Undocumented MEX API in MATLAB

by Pavel Holoborodko on July 19, 2013

It is not a secret that MATLAB has many undocumented (or deliberately hidden) features and commands. There are even excellent website & book devoted specifically to this topic: Undocumented Matlab

However most of the findings are related to MATLAB language itself and investigations on undocumented MEX API seems to be missing (or scarce at least).

During development of our toolbox we have found lots of hidden functions which can be helpful for creating speed-efficient extensions for MATLAB using native languages.

Here we want to explain some of them in details and provide complete list of undocumented MEX API functions.

Please note that there is a risk in using the functions – MathWorks can change / remove some of them in next versions. It is additional burden for developer to stay tuned and update their toolboxes on time.

Reduced OOP capabilities of MATLAB

Starting from version 2008b MATLAB allows user to introduce custom-type classes by classdef keyword. MATLAB was late on adding object oriented features – I can only image how hard it was for developers at MathWorks to add OOP constructs to purely procedural language which follows entirely different philosophy. (Yes, objects could be created using structs and special folder structure in earlier version of MATLAB – but that was just ugly design, MathWorks will not support it in future).

They still don’t have full support for OOP features though. The most important missing features are:

  • It is prohibited to have destructor for custom non-handle classes.
  • It is not possible to overload assignment-without-subscripts operator (e.g. A = B).

I don’t know the reasons why these fundamental OOP paradigms are not implemented in MATLAB – but this disables creating powerful virtual machine-type of toolboxes.

In that case MATLAB objects would have only one property field – ‘id’, identifier of variable stored in MEX module – virtual machine (e.g. pointer to C++/C object). MEX module would only need to know ‘id’ of objects and what operation to conduct with them (+, -, *, etc.) – all processing would be done in MEX. Heavy data exchange between MATLAB and MEX libraries would be completely unnecessary. MATLAB would act as just an interpreter in such scenario. Moreover MEX API could be simplified to several functions only.

Deep-Copy access to object properties from MEX library (Official)

Unfortunately we are restricted to current architecture – where all the data are allocated / stored on MATLAB side and we have to transfer it from MATLAB to MEX library in order to work with it.
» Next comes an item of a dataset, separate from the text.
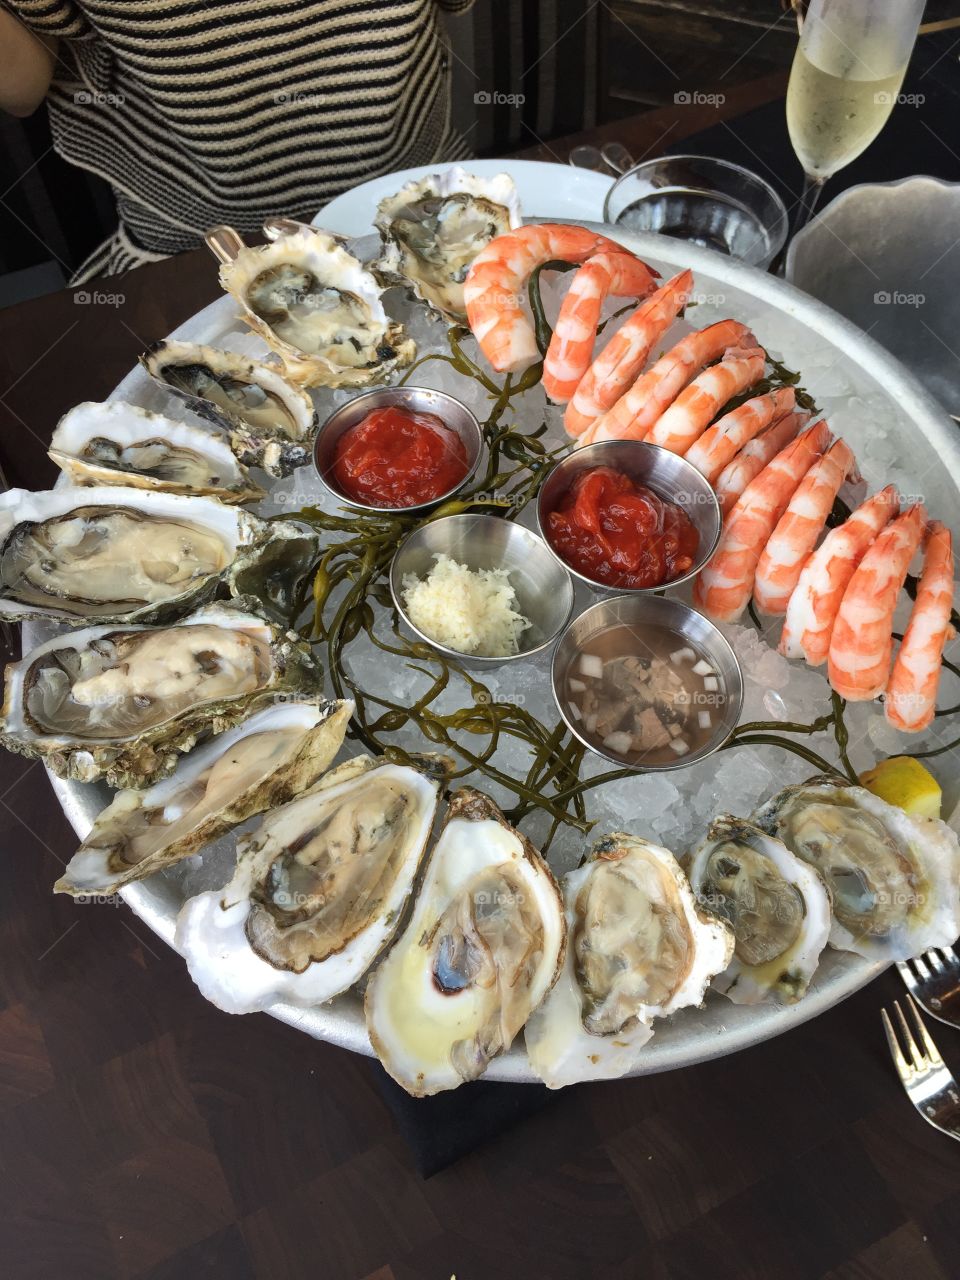 Oyster and shrimp platter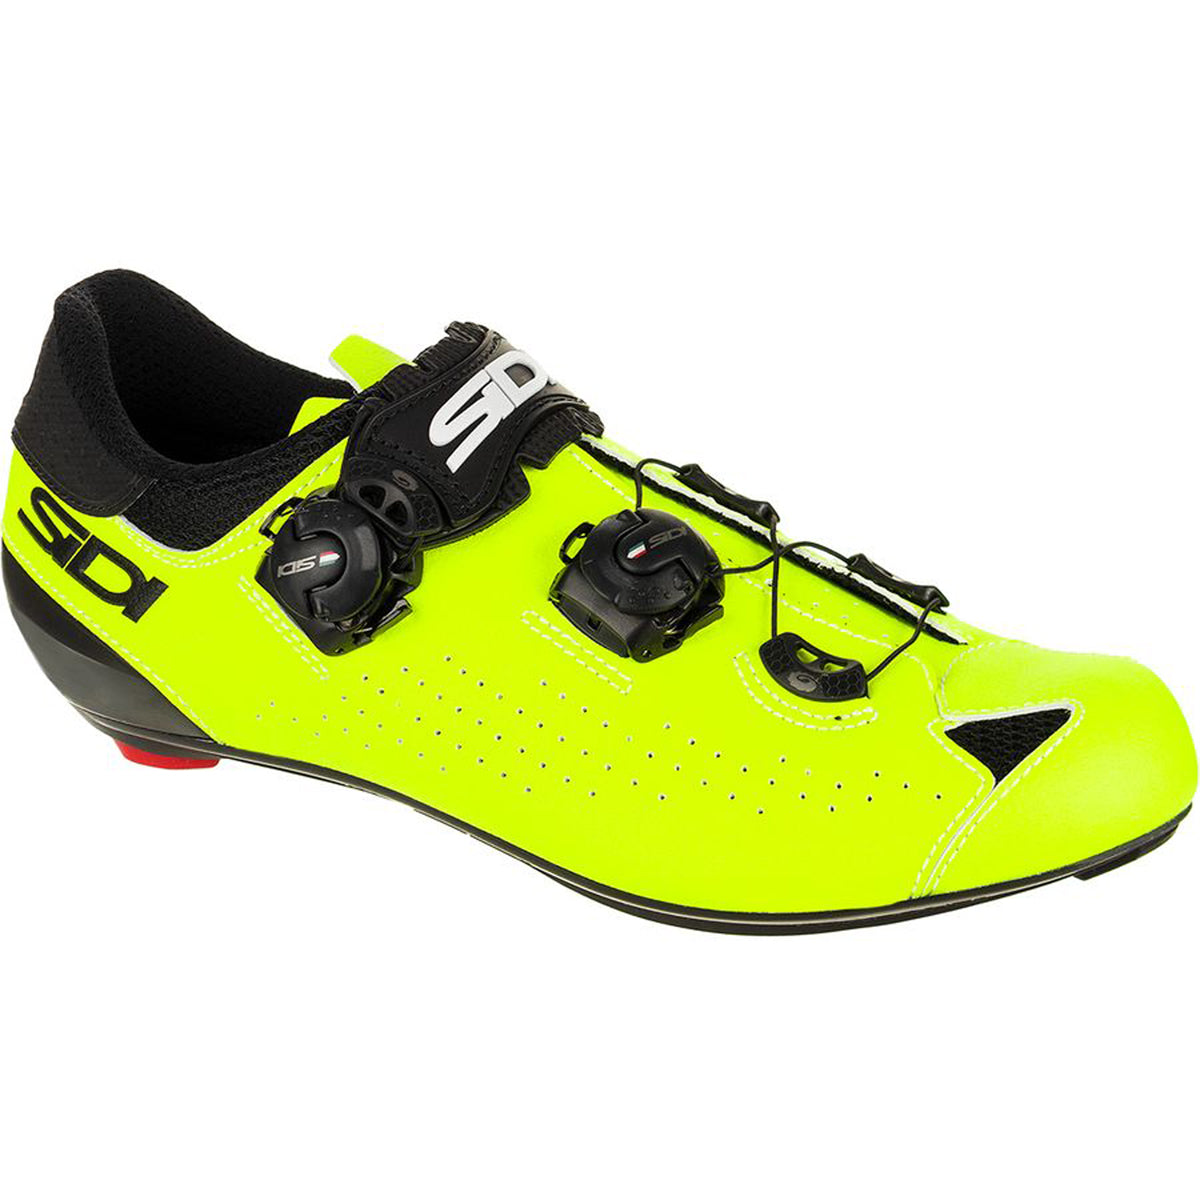 Sidi Genius 10 Road Bicycle Shoes - Black/Yellow Fluo

Official MEX API provides two functions to access object properties from within MEX library: mxGetProperty and mxSetProperty.

Both functions share the same major problem – they create deep copy of the data!

Imagine the situation when your object is a huge matrix with high-precision elements and it occupies 800MB of RAM. If we want to access it in MEX library (e.g. transpose) we would call mxGetProperty which will do ENTIRE COPY of your object’s property – wasting another 800MB!

Obviously this cannot be accepted, not speaking of totally reduced performance (copying could take a while for such amount too).

Copy-Free access to object properties from MEX library (Undocumented)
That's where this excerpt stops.